In total, there were 3.6 million births in 2020, a 4% drop from 2019 – about the same as last seen in 1980. Additionally, the general fertility rate, which is a better metric to show national birth trends over time, also dropped 4% last year to 55.8 births per 1,000 women ages 15 to 44. That rate set a record low for the country, according to the CDC.
Although there were predictions that COVID-19 triggered a “baby bust” last year, the latest 2020 data does NOT support such a conclusion. This is because the vast majority of 2020 babies were conceived prior to the pandemic. Full-term babies who were conceived around January 22, when the first case of COVID-19 was reported in the US, were born in late October. And those conceived after March 13, when the US declared a national emergency, were born starting in mid-December. But as the chart below shows, the number of births was down throughout the whole year, except in February:
While the pandemic may have played some role in the number of births during the final weeks of the year, the overall picture is more indicative of a continued fertility decline that started years before the COVID crisis. Since 2014, the last year during which the number of births increased, the country has experienced a six-year downward streak, averaging 2% fewer births per year.
Birth rates have been sinking across demographics, and 2020 was no exception. Every race and ethnic group and every age group between 15 and 44 (which account for 99.7% of births) had a lower rate.
The forces of the pandemic, including economic uncertainty, financial instability and health-related anxieties, could exacerbate the downward trend even more in 2021. An April analysis of birth records in 25 states conducted by the Associated Press found that those states collectively had 9.3% fewer births in January 2021 and 10% fewer births in February 2021 compared with the same months a year earlier.
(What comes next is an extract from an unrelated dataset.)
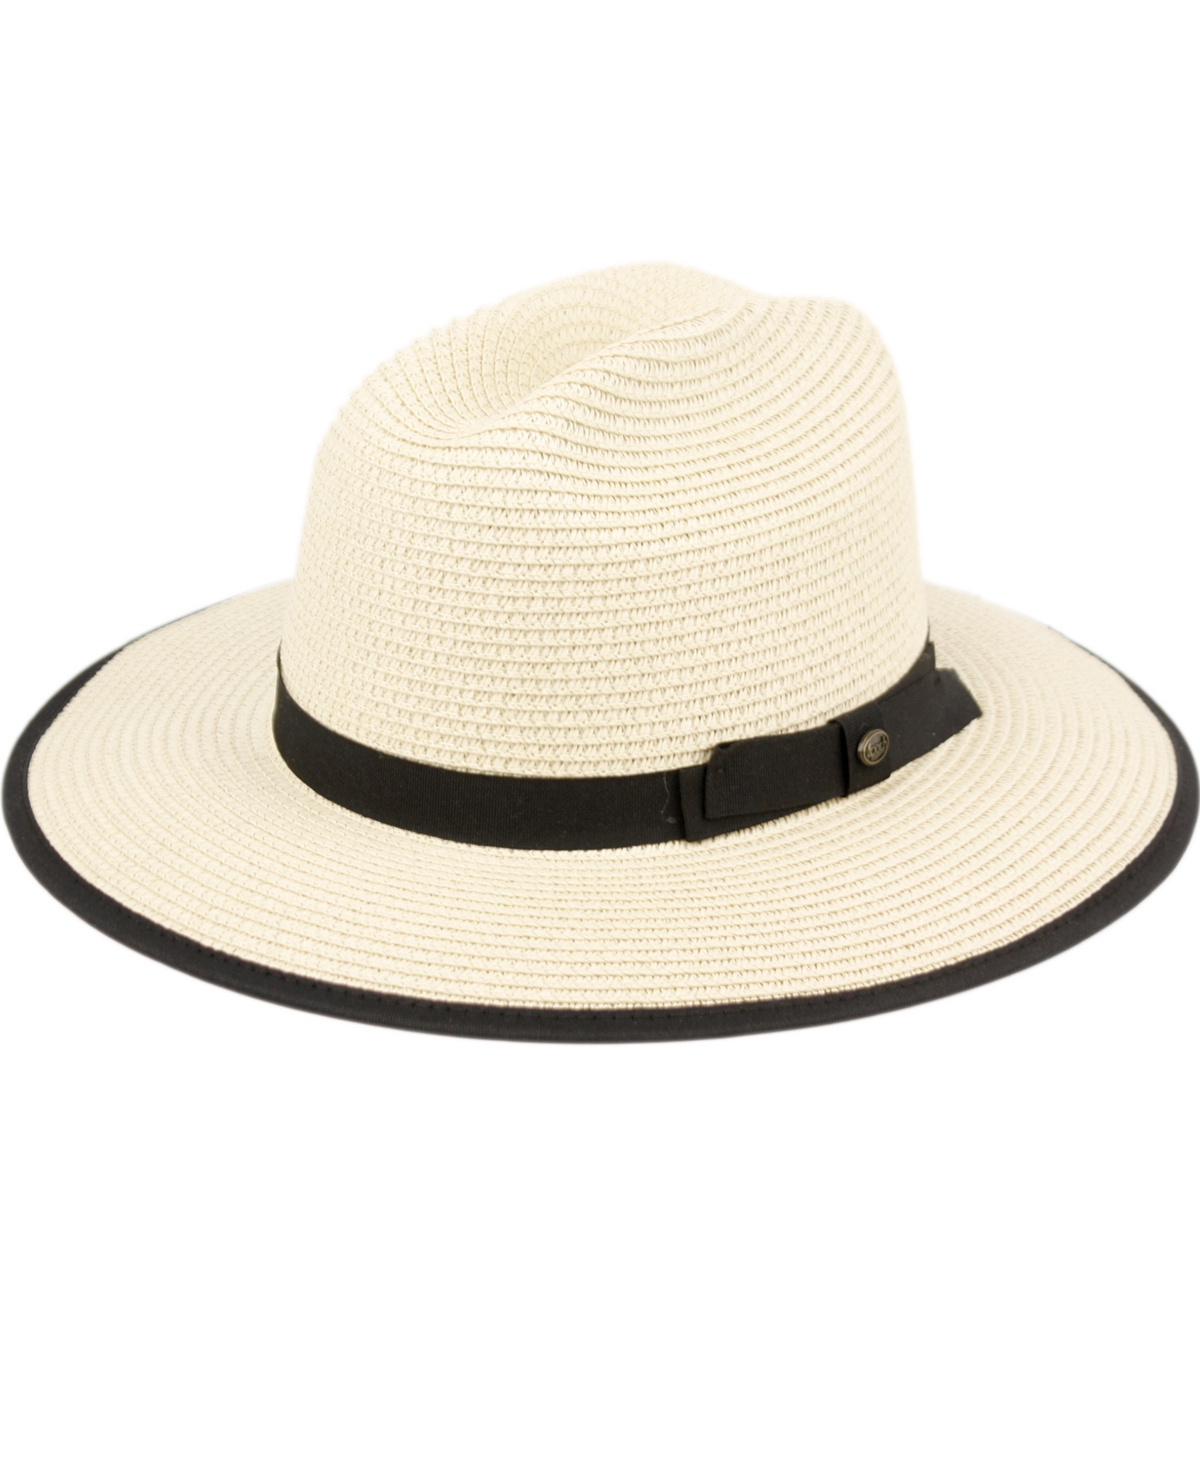 Unisex Gambler Safari Sun Panama Hat - Natural

The CDC report doesn’t explain why birth rates are declining, but other surveys and research suggest multiple factors are at play, including financial constraints and lack of societal support for working parents. The pandemic threw these problems under a harsh spotlight, motivating lawmakers to address the cost and work-family challenges that American parents very often face.
The pandemic relief bill which passed in March upped a $2,000 child tax credit to $3,600 for each child under age 6 and to $3,000 for children up to age 17, though the provision will expire after this year. More recently, President Joe Biden has floated proposals to expand paid leave programs and improve childcare access and affordability. Whether those ideas become legislation is uncertain, as Republicans aren’t fully supportive.